Difficulties with this approach may arise if orthologous genes cannot be identified with certainty or if the combined sequence length is still too small to give well-resolved trees. Furthermore, the use of concatenated multiple sequence alignments discards information that can be utilised by other methods of phylogenetic inference. For instance, methods that infer trees based on gene content [57], gene order [810], or content of protein orthologs and folds [11]. When applied to prokaryote phylogeny, these different methodological approaches lead to quite different results [12]. A further loss of information in the concatenated multiple sequence alignment approach may be caused by regions which have to be discarded since they cannot be aligned with certainty [13].

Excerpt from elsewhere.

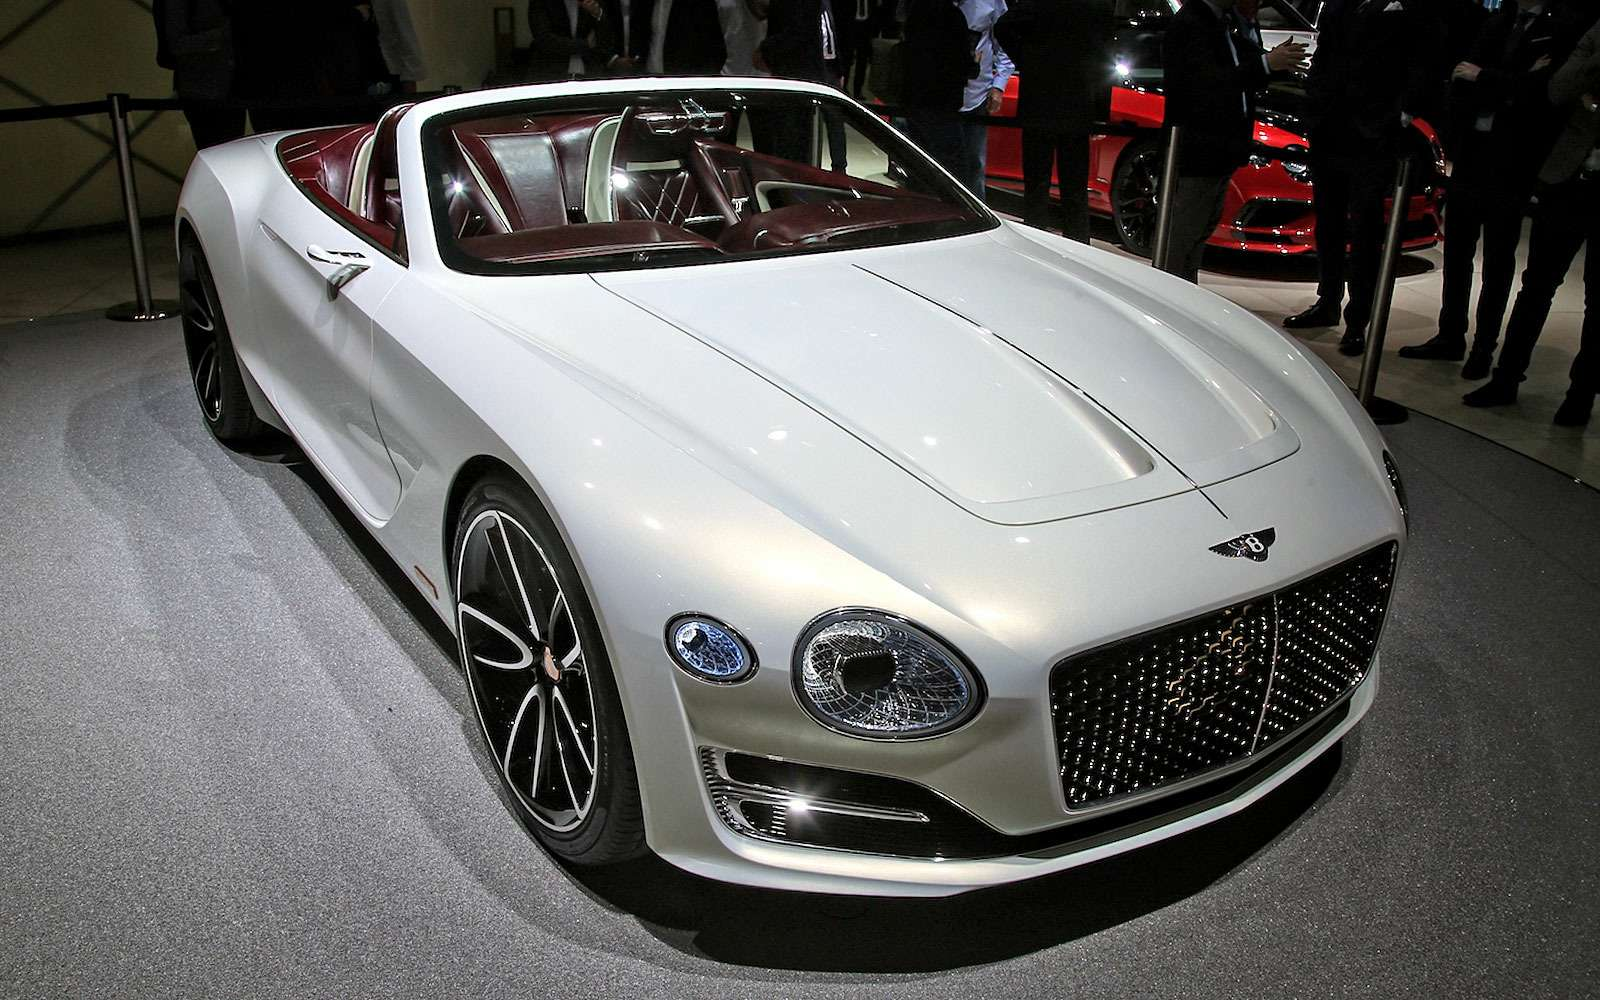 Безвредная красота: Bentley показала родстер EXP 12Speed 6e— фото 718271

In contrast, a third group of methods does not require to specify genes or orthologs in advance, to create multiple sequence alignments, and to discard unalignable regions, but is able to generate a distance matrix directly from complete genome sequences. Trees can then be inferred using any of the standard distance-based phylogenetic methods (e.g., [14, 15]), even though phylogenetic networks [16, 17] may be a more powerful way to explore such distance data. Some of these approaches use differences in word-count frequencies [18], complexity-based measures [19] or breakpoint analysis [20] to derive pairwise distance functions.

The methods of particular interest to us in this paper [2123] rely on identification of local regions of high sequence similarity between two genomes, this is usually done with the popular tool BLAST [24]. Henz et al. [23] recently described the "Genome BLAST Distance Phylogeny" (GBDP) approach and applied it to deep prokaryote phylogeny. In brief, GBDP works by finding a set of high-scoring segment pairs (HSPs) between each pair of genomes, deriving a distance function from these sets, and building a tree or a network using algorithms like UPGMA [25], NJ [26, 27], BIONJ [28] or Neighbor-net [16].

Statistical support of individual branches within trees inferred from multiple sequence alignments is usually assessed by bootstrapping [29], which assumes a number of statistically independent individual characters. Similar to some other less commonly used but valuable (and, hence, perhaps underused) phylogenetic methods such as elision [13, 30], direct optimisation [31], fixed-states and search-based optimisation [32, 33], or pair-wise distances between unaligned sequences from single loci [3436], the above-mentioned genome distance methods cannot readily be combined with the bootstrap since the whole genome is treated as a single character.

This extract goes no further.